OH MY OH MY now that is a white tail !!! geezzo pizza.


----------



## hassell (Feb 9, 2010)

She's a beaut., where was it harvested YD?


----------



## youngdon (Mar 10, 2010)

Loma, Nebraska. That other cull buck was out of Nebraska also.


----------



## On a call (Mar 3, 2010)

Well they sure do grow em big over there. I am curious what that 18 point scored in at.

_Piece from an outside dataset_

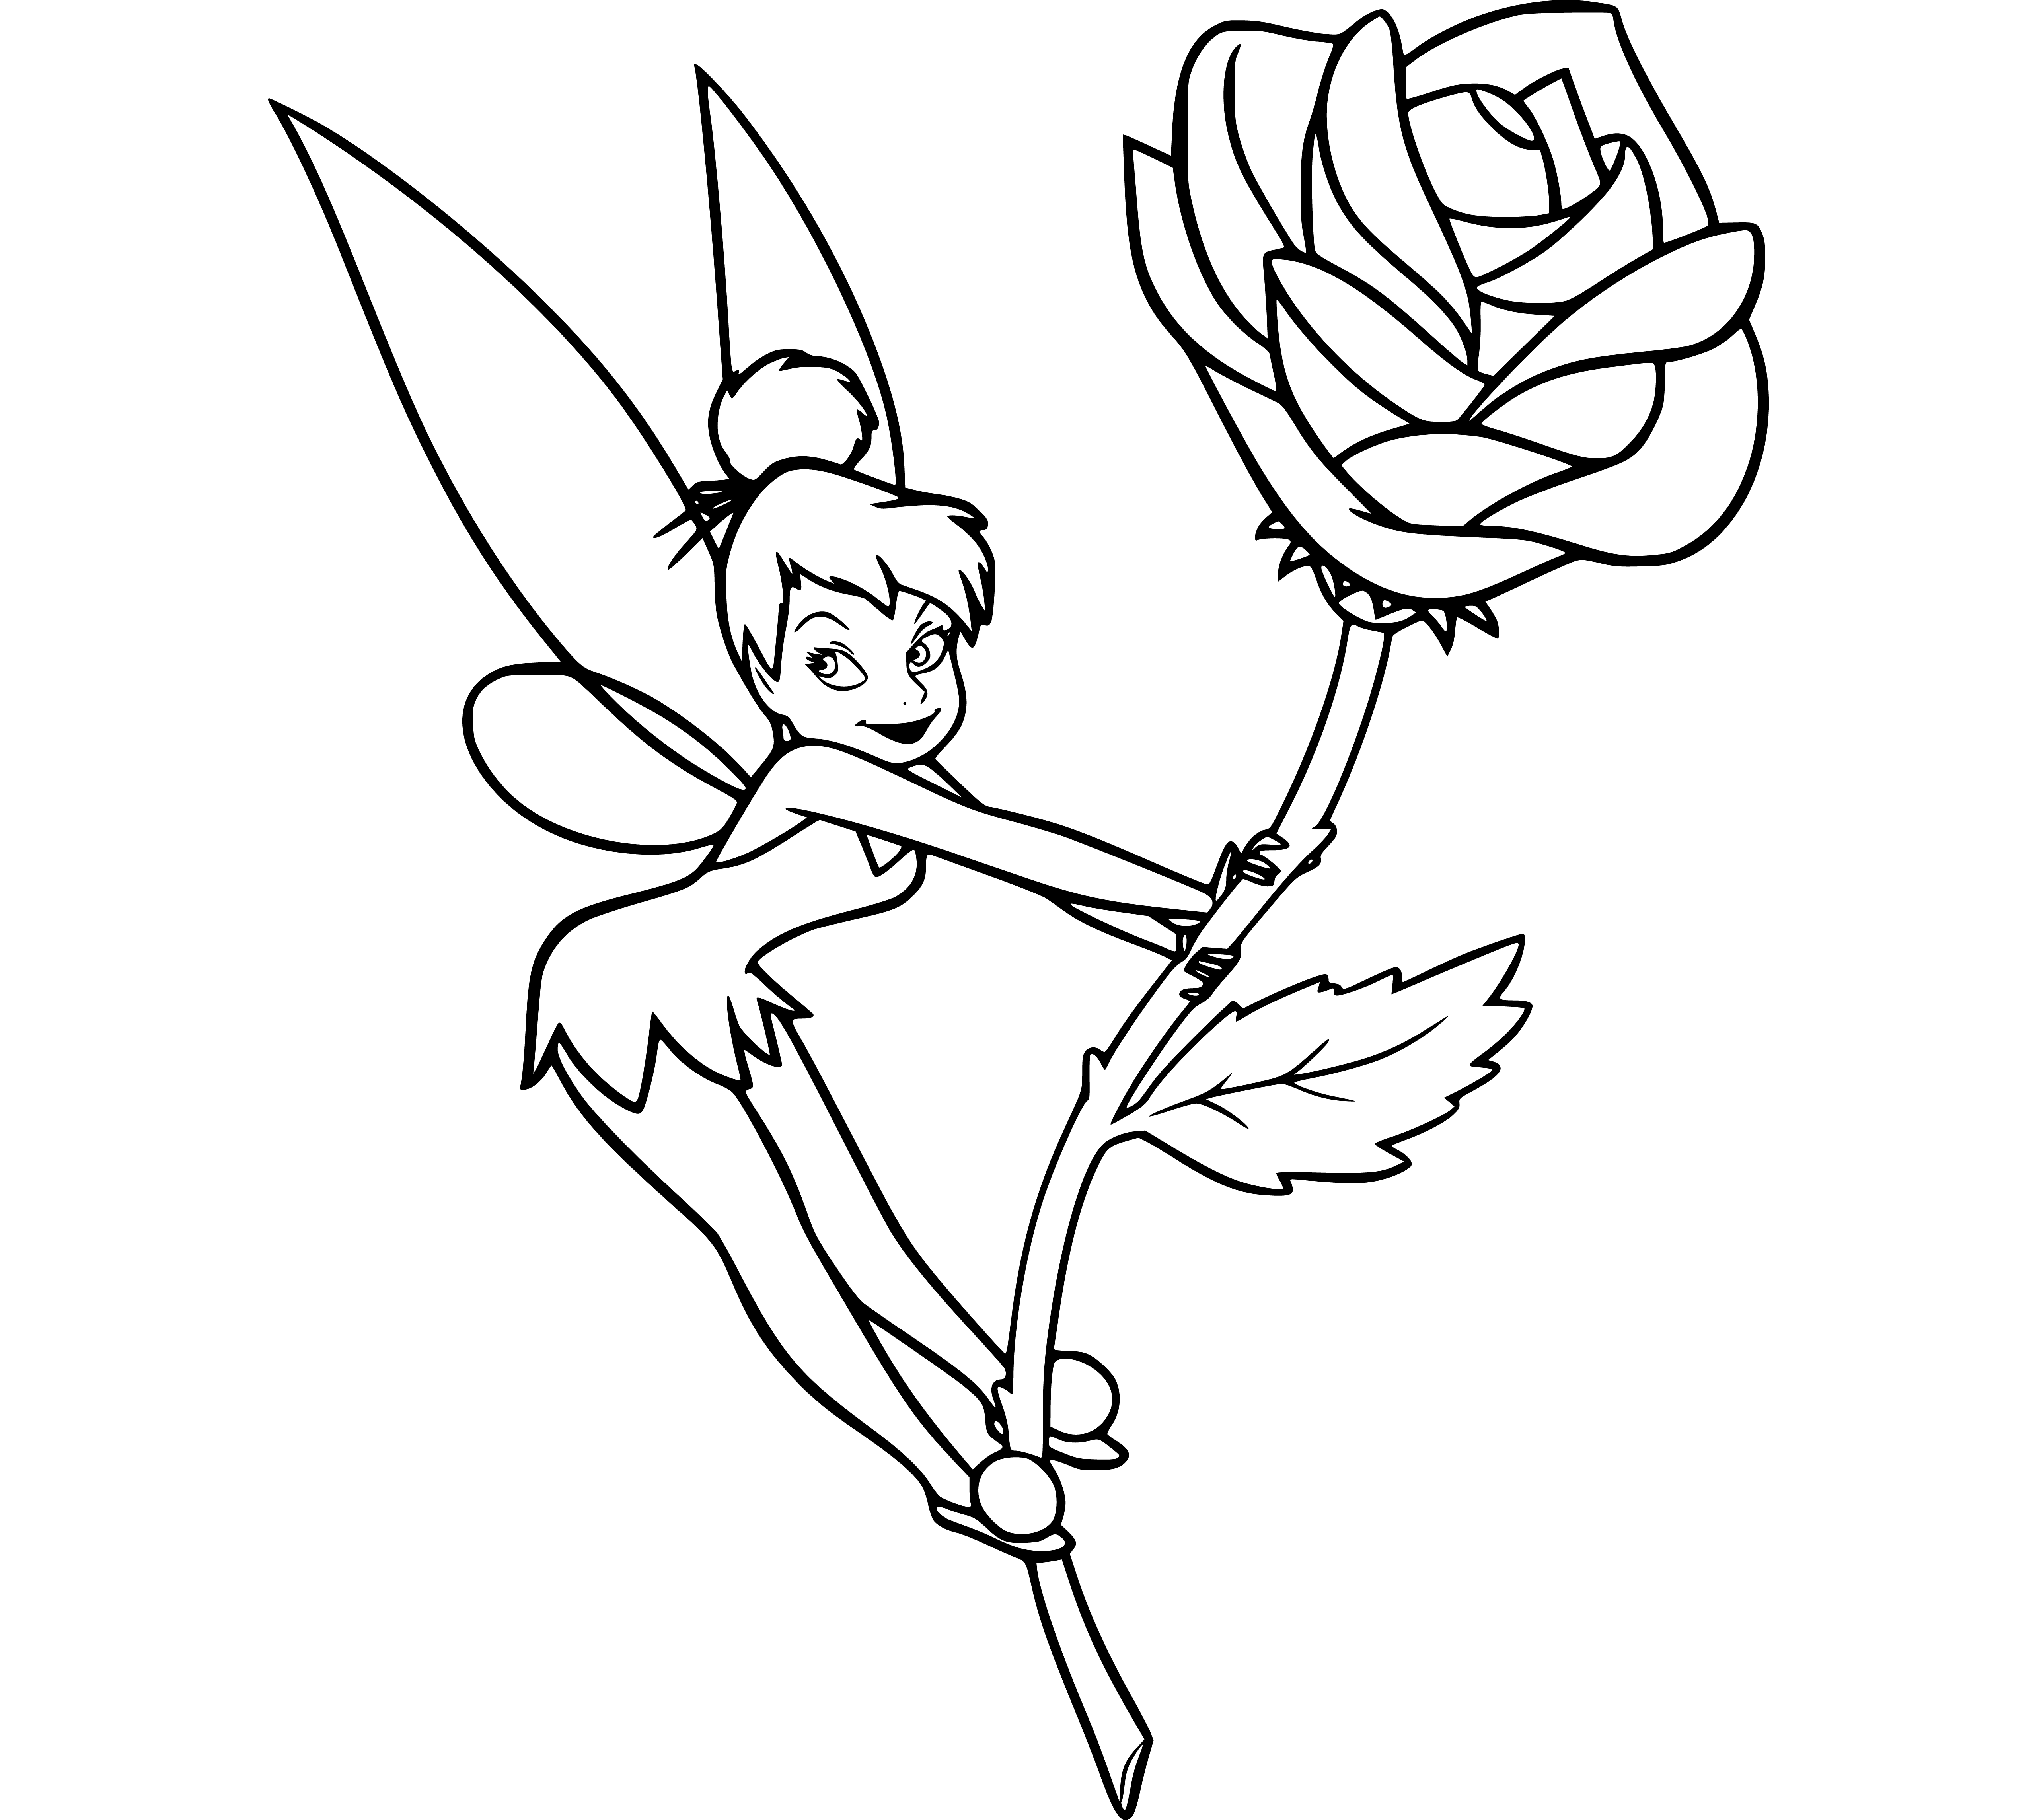 Tinker Bell holding a rose Coloring Pages - SheetalColor.com

And that is what you call a wall hanger


----------



## youngdon (Mar 10, 2010)

I think that both of those bucks will not only hang on the hunters walls but probably a cabela's or two also.


----------



## SWAMPBUCK10PT (Apr 5, 2010)

I thought i had some nice racks in the shop----there's always one bigger Nice Bucks_SB


----------



## Bigdrowdy1 (Jan 29, 2010)

NICE maybe 1 day


----------



## huntfishski (Mar 17, 2010)

Is that buck a record? Or is that just the way they grow 'em in Nebraska?


----------



## youngdon (Mar 10, 2010)

The e-mail I got said it might be as there is some dispute as to wheather it is typical or non, because of one of the tines(I don't remember which one) SB may know just by looking, I just know it's BIG. LOL


----------



## Axel (Mar 21, 2010)

Now That's a Buck


----------



## singlesix (May 13, 2010)

Thats a huge mess of antlers


----------